Homelab: Self-Hosting GitLab
By Xin Lu profile image Xin Lu
1 min read

Homelab: Self-Hosting GitLab

I like having a Git server that is fully mine.

Not just for code, but for everything around it — credentials, tokens, half-baked experiments, throwaway repos, ugly commits. Yes, some of that is not best practice. But that’s exactly the point: it’s my server, my rules, my risk.

With today’s AI-heavy, fast-iteration “vibe coding”, I’m constantly pushing things that I don’t want to sanitize for public platforms. A private, free, always-available Git server in the home lab removes that mental friction completely.

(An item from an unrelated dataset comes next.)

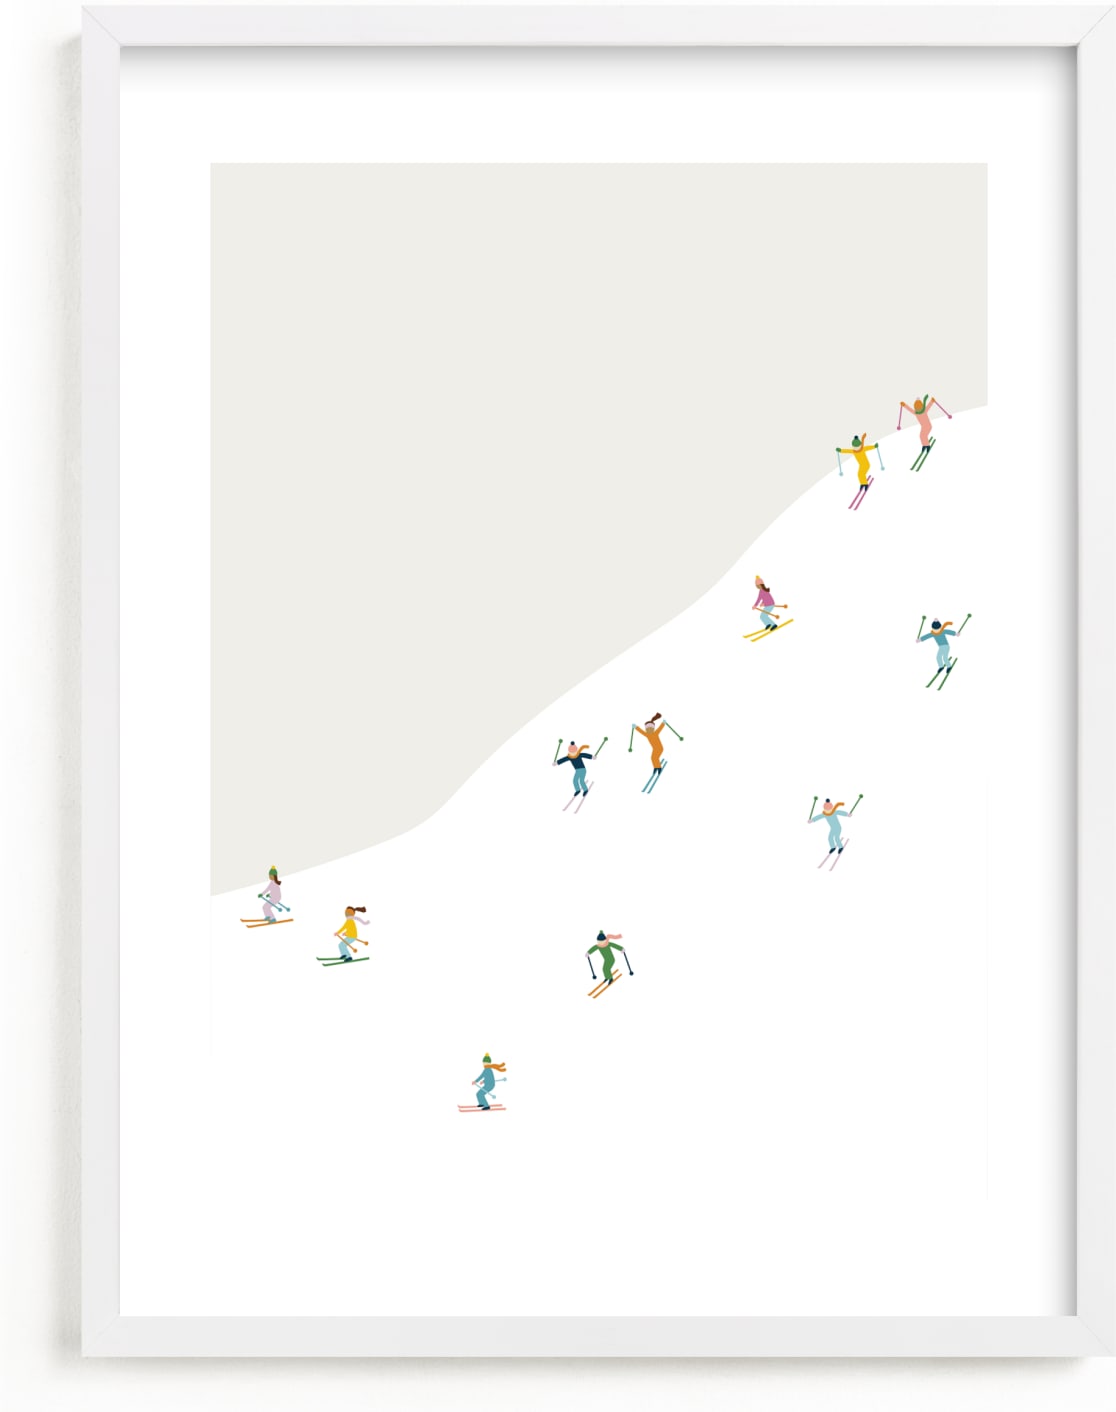 This is a colorful kids wall art by Ellen Schlegelmilch called happy skiers.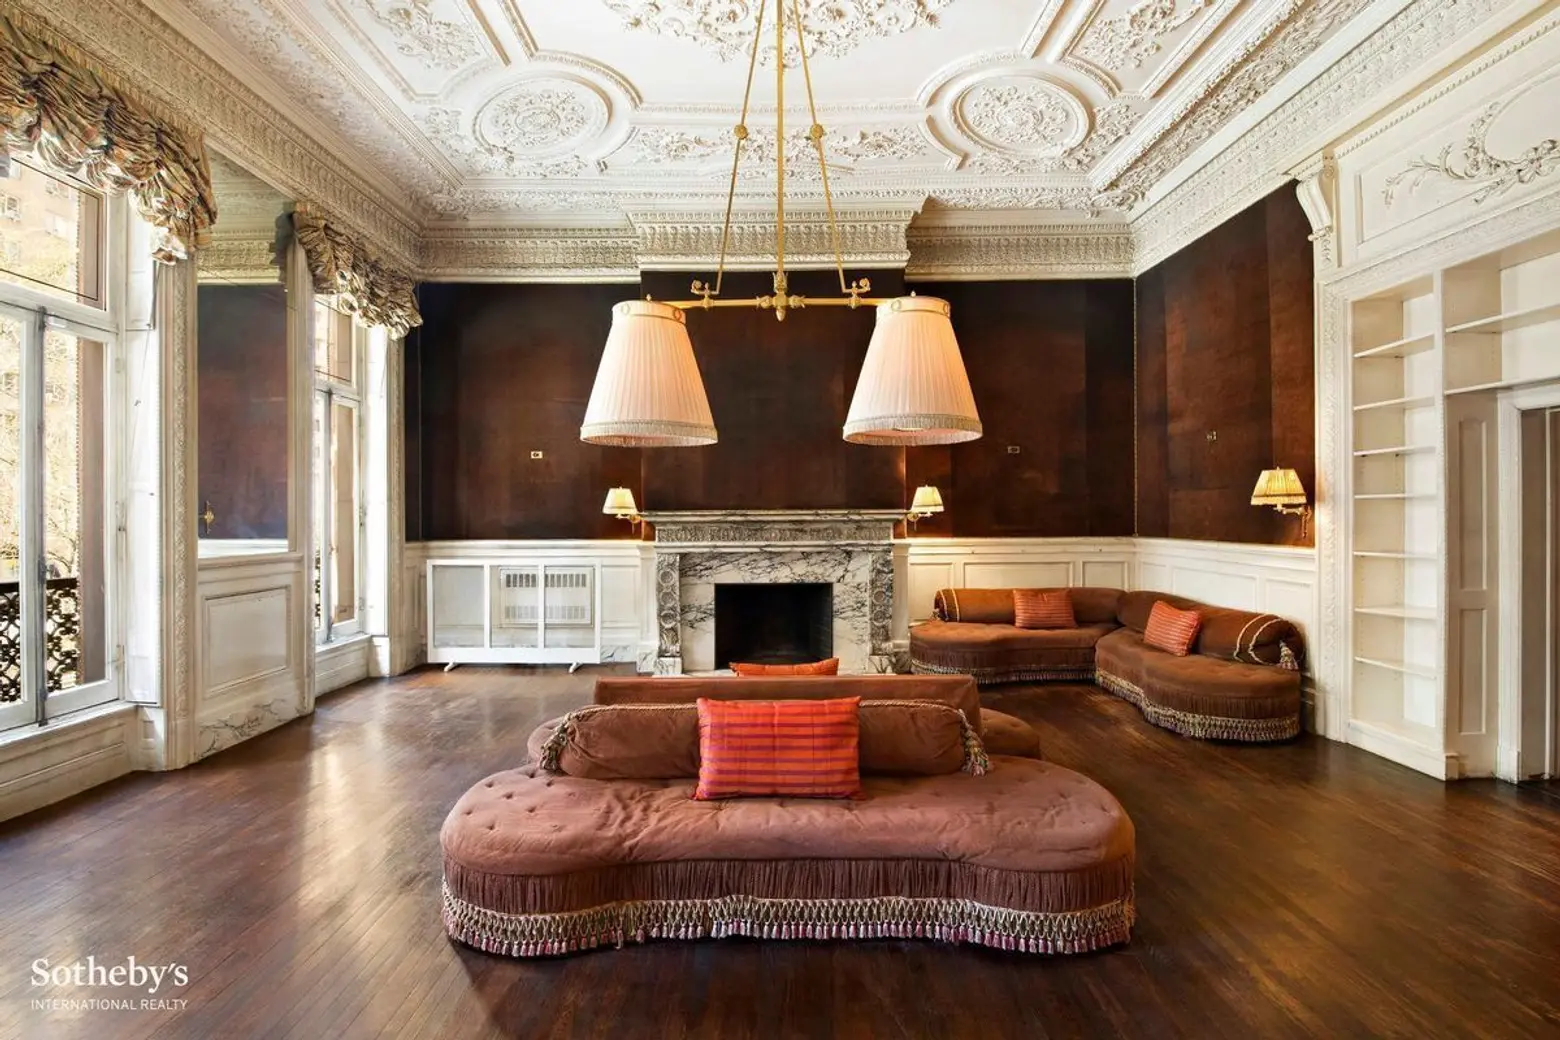 For $3.2M, costume jewelry connoisseur Kenneth Jay Lane’s former Stanford White-designed duplex

Below is a minimal, out-of-box Docker Compose setup for GitLab CE. Persistent data lives in Docker volumes. No reverse proxy assumed.

services:
  gitlab:
    image: gitlab/gitlab-ce:18.8.0-ce.0
    container_name: gitlab
    restart: unless-stopped
    environment:
      GITLAB_OMNIBUS_CONFIG: |
        external_url 'http://git.example.com'
    ports:
      - '8001:80'   # GitLab Web UI
      - '1022:22'   # Git over SSH
      # - '1443:443' # HTTPS (optional)
    volumes:
      - gitlab_config:/etc/gitlab
      - gitlab_logs:/var/log/gitlab
      - gitlab_data:/var/opt/gitlab

volumes:
  gitlab_config:
  gitlab_logs:
  gitlab_data:

Once it’s up, it stays quiet and boring — exactly what a Git server should be.